Title description
Description
Farmer John is planning a stroll on his farm. The structure of his farm is like a tree: the farm has N barns (1<= N <=100,000), each linked by N-1 roads. In this way, he can pass through the roads between these barns to reach all the barns. Farmer John wants to choose a route: The start and end of this route are two different barns on the farm. This route cannot pass through an edge twice. Farmer John was worried that this path might be too long, so he wanted to find a rest point on the route (of course, this rest point cannot be the starting point or the end point).

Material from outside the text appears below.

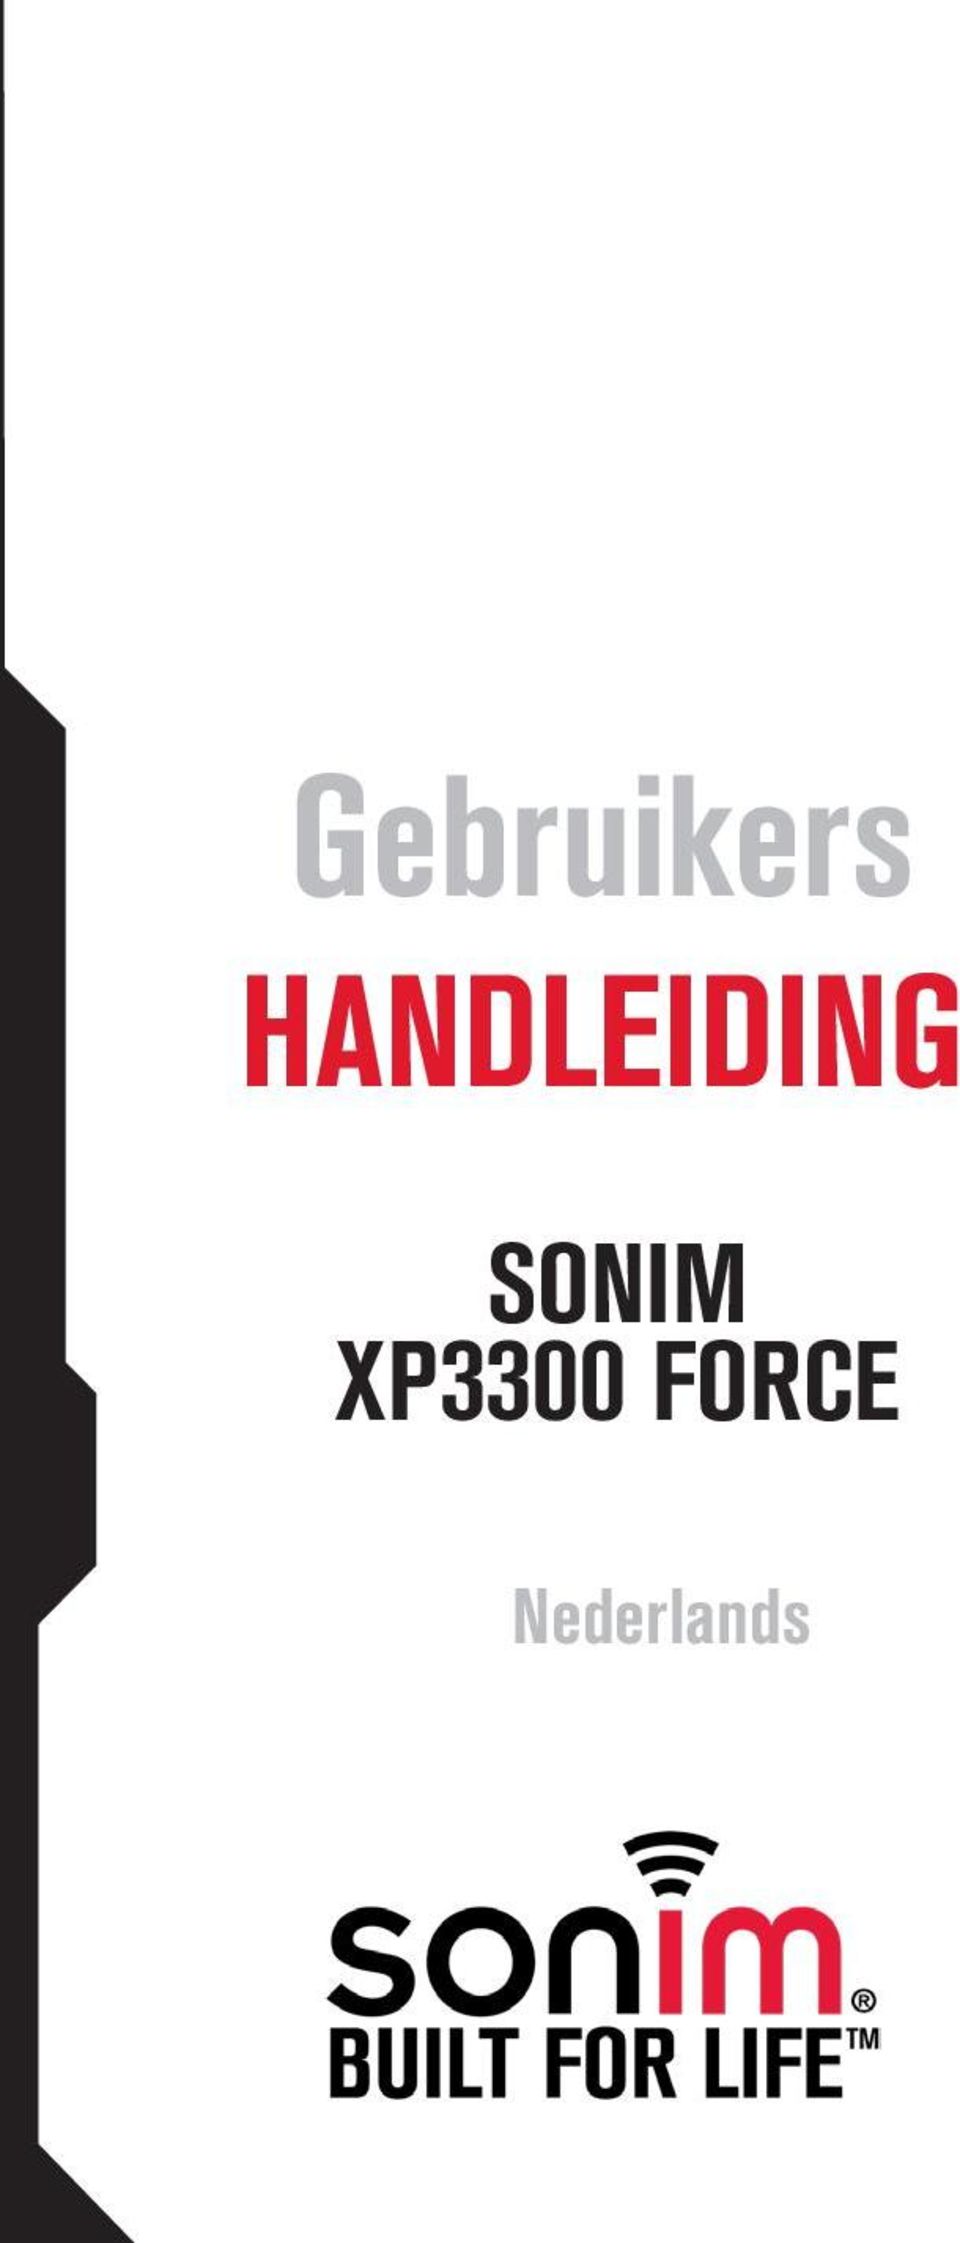 SONIM XP3300

On both sides of each side are cows, either Charcolais (white hair) or Angus (black hair). Farmer John is a smart man, so he wants to balance the power of yin and yang on both sides of the path as he passes through the path. He has to choose a path so that he has the same number of Charcolais and Angus herds on both sides of the road from the starting point to the rest stop, and from the rest stop to the end.
Farmer John wondered how many balanced paths he could find as mentioned above. We believe that if and only if the sets of sides of the two routes are different, the two routes are considered to be different, otherwise they are considered to be the same route. Even if there are multiple effective "rest stops" on the route to balance the route, we will only record it as one route.
Please help to calculate how many different balance routes there are.
Input
line 1: Contains an integer N.
Line 2... N: Each line contains three integers a_i, b_i and t_i, representing the two barns a_i and b_i connected by the i-th path. t_i represents the type of cattle on the i-th roadside: 0 represents Charcolais, and 1 represents Angus.
The output
output is only one line and contains an integer, which indicates the number of possible paths.
Sample Input
7
1 2 0
3 1 1
2 4 0
5 2 0
6 3 1
5 7 1
Sample Output
1
Data Constraint
1<= N <=100,000
Hint
does not have a route of length 2, so we can only consider a route of length 4. The route 3-1-2-5-7 rest point at 2 is a balanced route.
answer
Point Divide and Conquer Naked Questions (Relative)
Set white to -1 and black to 1, then find a path so that there is a certain point, so that the sum of the paths divided into two segments is 0.
Divide and conquer each point first. Ordinary point , if there is a prefix sum of 0 on the path from an ordinary point to a divide-and-conquer point , it is called a key point (also an ordinary point), which
may be different from the problem solution because I did not look at the problem solution
by maintaining each point to the point The weight and situation of the path on the governance point can determine whether a point is a key point (if the current sum appears in a previous position, then the sum of the path in the middle is 0). There is
initially a point with a sum of 0 (starting point) )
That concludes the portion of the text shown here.